[netperf-talk] netperf port numbers
Rick Jones
rick.jones2 at hp.com
Thu Aug 25 13:51:13 PDT 2011
On 08/25/2011 12:06 PM, Vishal Ahuja wrote:
> Hi Rick,
> Thanks! It was indeed the packet size causing the low throughput for
> netperf. When I changed it to 1470 bytes, I get decent throughput.
Good.
> Am observing some interesting phenomenon, but am not able to decipher
> why this could be happening. For all the scenarios below irqbalance
> is off, and there are two netperf flows.
> Scenario 1: only a single core is enabled at the receiver. The
> throughput is very low and this is understandable. I see ksoftirqd/0
> running, which indicates that the core is overwhelmed because of the
> interrupts.
> Scenario2: Now we have two cores (core0 and core1) active on the
> receiver. NIC interrupts have been affinitised to core0, Using the
> netperf client, I specified the core bindings, so that both the
> netserver instances would run on core0. I was expecting that the
> throughput would be the same as scenario1, but it is not so. Using *top,
> *I could see that both the netserver instances were running on core1,
> not core0 (as specified at the time of execution). Can you please help
> me understand why this could be happening?

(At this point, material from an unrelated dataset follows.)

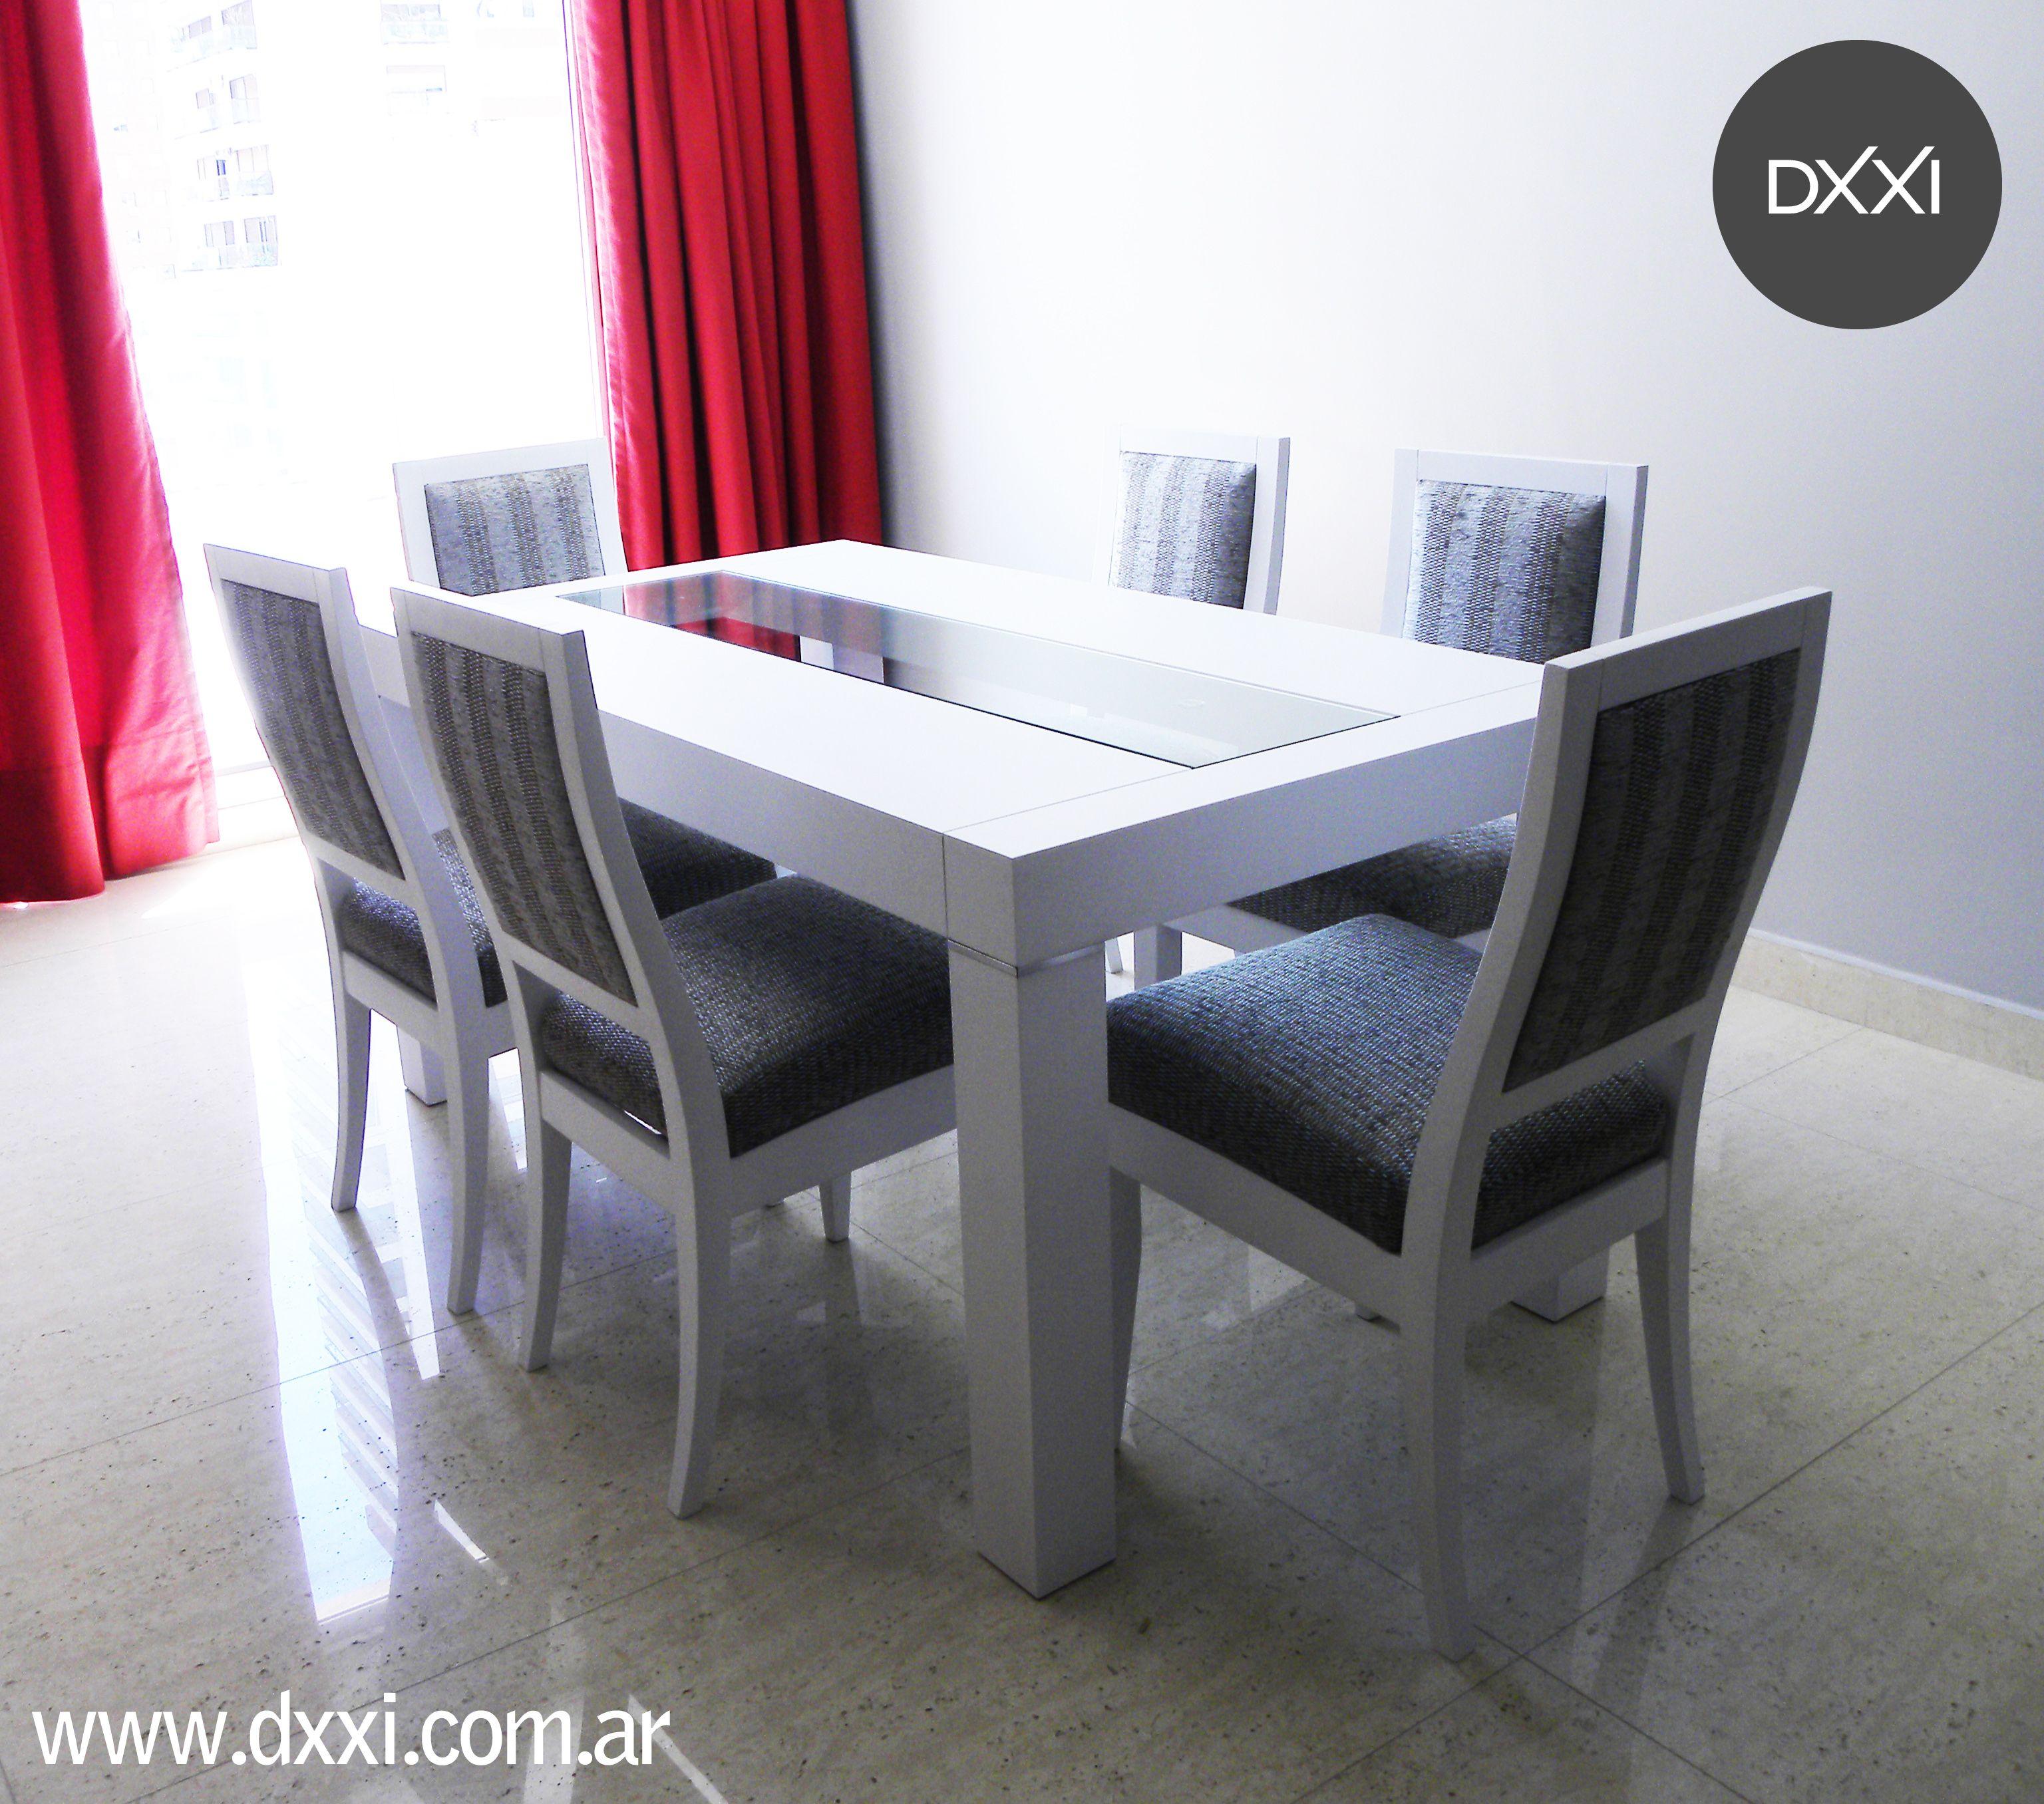 Mesa de comedor modelo mora mdf laqueado blanco semi mate vidrio de 10mm sillas modelo urbana for Comedor de vidrio

Looking at the netperf command lines in scenario 2 I see nothing that
would cause them to be bound to CPU 0. While it is indeed true that
Linux will try to launch the process on the same CPU as initiates the
wakeup, that is not a hard and fast thing, and an otherwise unbound
process can run elsewhere. So, seeing the netservers running on core 1
isn't really that big a surprise.
To force them to run on CPU 0, you should add a suitable -T *global* option.

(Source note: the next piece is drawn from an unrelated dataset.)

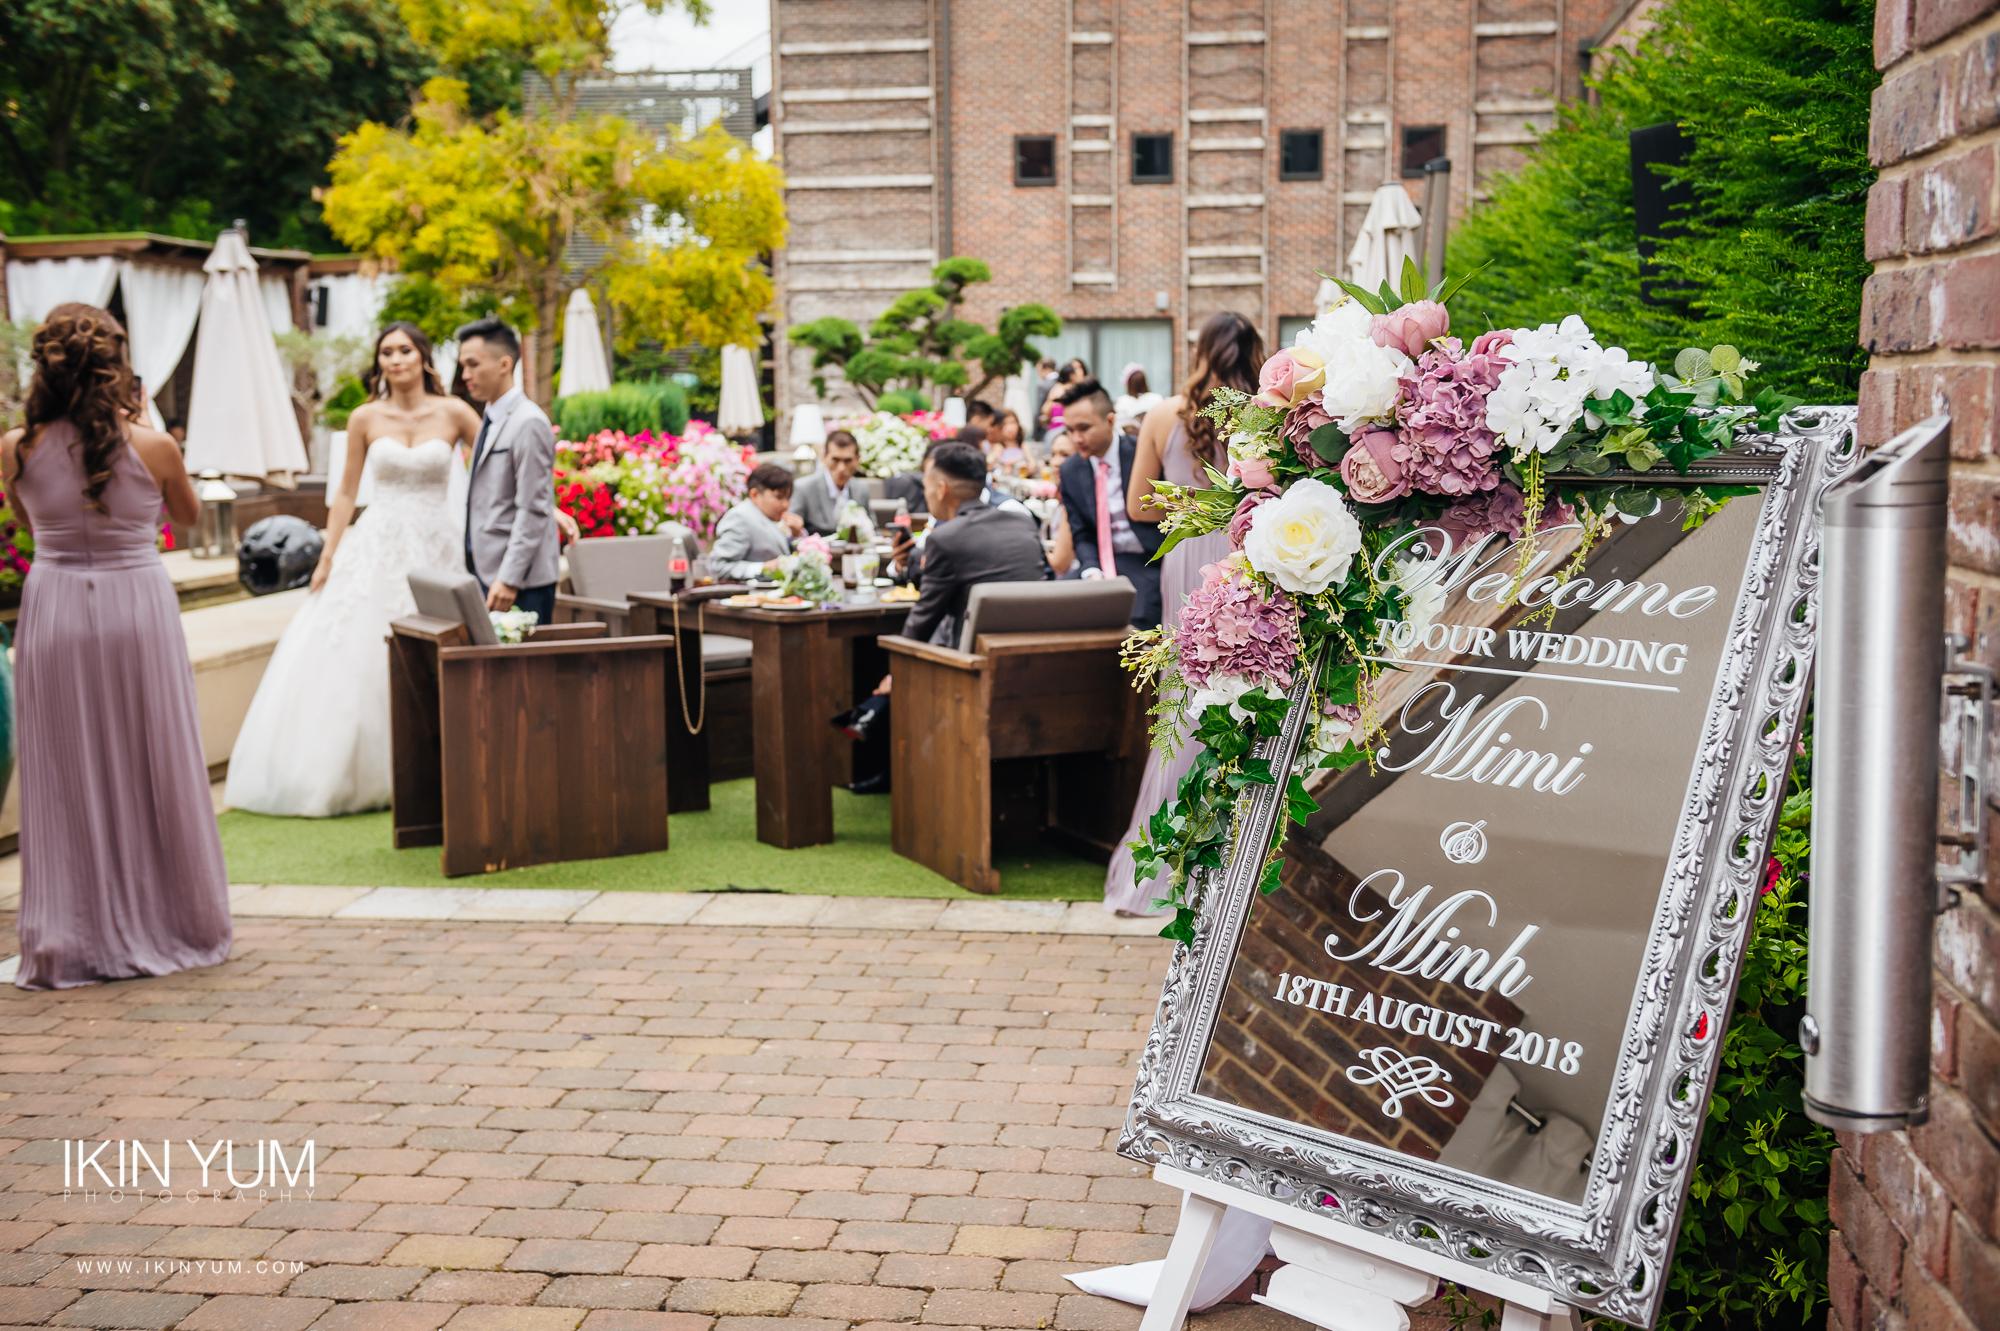 Syon Park Wedding - Ikin Yum Photography -093.jpg

Yes, you do have a -T option in the command lines, but you have placed
it in the test-specific portion, which means it will not be parsed as an
affinity setting command. You need to move the option to the global
command line section before the "--" and then it should behave as you
expect. Same for Scenario3.
> Scenario3: Is the same as scenario2, except the nic interrupts have been
> affinitised to core1, and the core bindings have been specified so that
> netserver(s) run on core1. What is surprising is that now I see
> ksoftirqd/0 running. According to my understanding, it should have been
> ksoftird/1 should be running?? Sorry this is more of a LINUX question.
Soft interrupts by the stack, unless you have RPS going, target the
current CPU not another. So, interrupt on CPU0, do some quantity of
work, find there is still more to do, launch the soft interrupt to get
off the hard interrupt context, move-on. At least that is my
understanding. Indeed asking in a more linux-specific forum would be
the way to confirm that and see what details I got wrong.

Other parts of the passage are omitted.